Professional's Eyes
スタイルのある暮らし
大阪の第一線で活躍する方々と一緒に、生活を豊かにする視点、もの選びのコツに迫ります。館内の注目アイテム、心斎橋のお気に入りスポットをご紹介。心地よい暮らし、大阪のシビックプライドを求めて。
ARCHIVES大阪で活躍する、ゆかりのあるさまざまな人たちに、それぞれの仕事やライフスタイルの視点を交えながら大丸心斎橋店を巡ってもらう「PROFESSIONAL'S EYES」。今回は、工学博士であり、数々の都市計画、まちづくりのプロジェクトを手がけている株式会社ワイキューブ・ラボの代表・杉本容子さんが登場。心斎橋の街と百貨店の関係についても語っていただきました。
まず最初に訪れたのは、大丸心斎橋店本館とは少し離れて、心斎橋筋商店街に面した路面店「agnès b.アニエスべー大丸心斎橋店」。杉本さんは、20代のころにこの店をよく訪れていたそうです。
「20代の終わりころに黒のコートを買ったんです。そのころは大学院生で、あまり洋服にお金をかけられない生活をしていたんですけど、そのステキなコートはどうしても欲しくて。何度か試着しに来て、セールになった瞬間にまた来て、ここで1時間くらいまた迷って(笑)。清水の舞台から飛び降りる気持ちで買いました」。
そのコートは10年以上着続けていたので、買ってよかったと言う杉本さん。「カシミヤが入っていて、ツヤっとした質感でとてもきれいでした」との言葉に、「黒はデザイナーのアニエスベーが大切にしている色で、美しさにこだわりを持っています」と店長の福岡洋平さん。
「アニエスベー大丸心斎橋店」は、1階にレディスとキッズ、2階にメンズとバッグを揃え、大阪市内の「アニエスベー」の中でも1番大きいショップ。関西を代表する店として、約20年も前からこの場所で店を構えています。
「心斎橋筋商店街における大丸心斎橋店の研究資料を改めて読んでみました。1990年代にアメリカ村ができて若い人が心斎橋の⻄の方へ流れてしまったため、百貨店として、商店街の魅力が落ちないように、20代の若者が回遊して来る「アニエスベー」のようなブランドを入れるという戦略を立てているんです」と杉本さん。
「その戦略に、当時の私は見事にハマりました」と笑う杉本さん。商店街に空き店舗が出ると、路面店として借り上げたり買い取ったりして、「アニエスベー」のような海外ブランドを入れることは、商店街の衰退も防ぐことになると言い、「改めて、大丸心斎橋店は、すごく面白くて、意義のあることをしてらっしゃたんだなって思います」。

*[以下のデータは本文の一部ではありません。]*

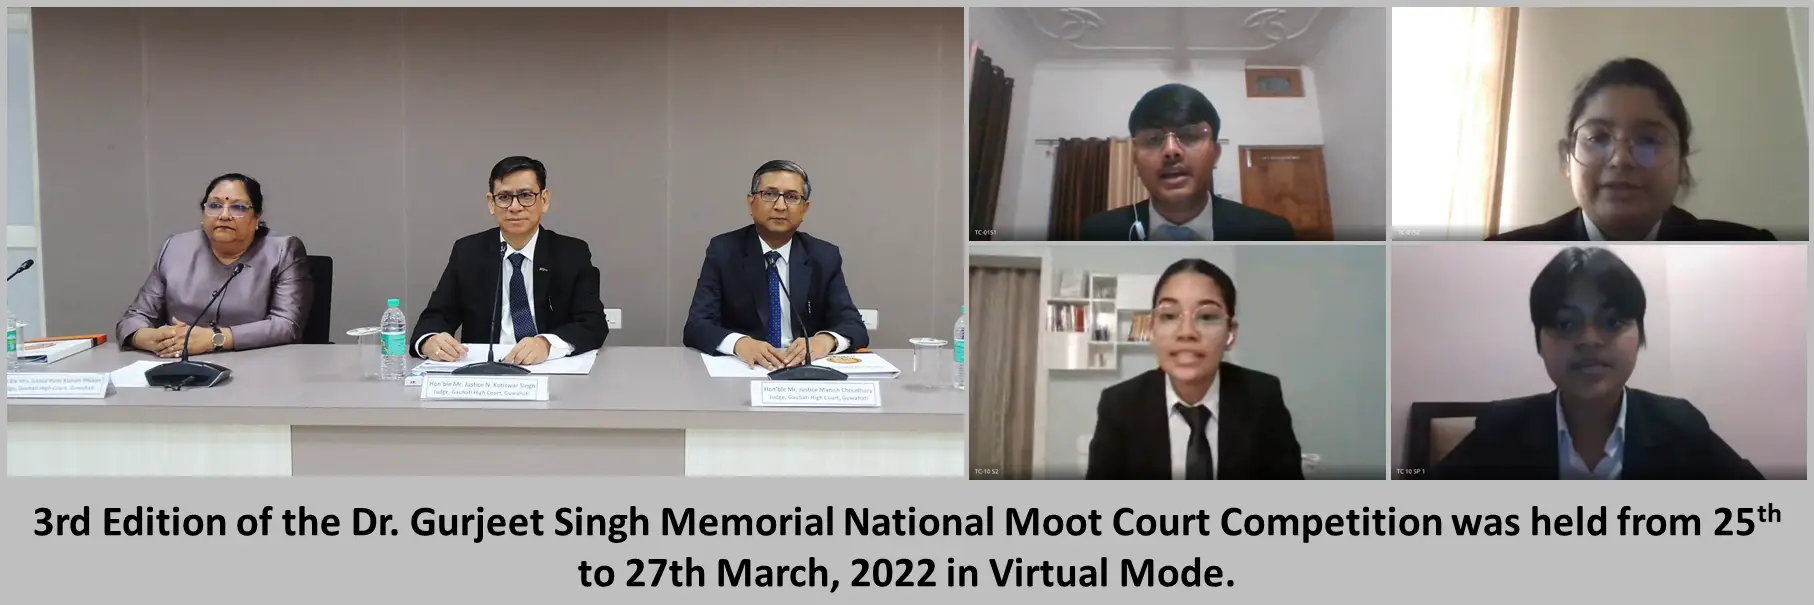 Moot Court at NLUJA Assam

小学校2年生の娘さんと暮らす杉本さんは、キッズアイテムにも目がいきます。
「キッズ向けのライン『agnès b. ENFANT(アニエスベー アンファン)』は、だいたい12歳ぐらいまで。それを超えると、メインのラインとの間に『To b by agnès b.(トゥービー バイ アニエスベー)』という、アニエスベーが考える日本の若い女の子たちにインスパイアされて、彼女たちに向けて提案するパリジェンヌ スタイルがあります」と福岡店長。
杉本さんは、2019年、コロナ禍になる前に家族でパリに行き、パリの人たちのファッションにも感銘を受けたそうです。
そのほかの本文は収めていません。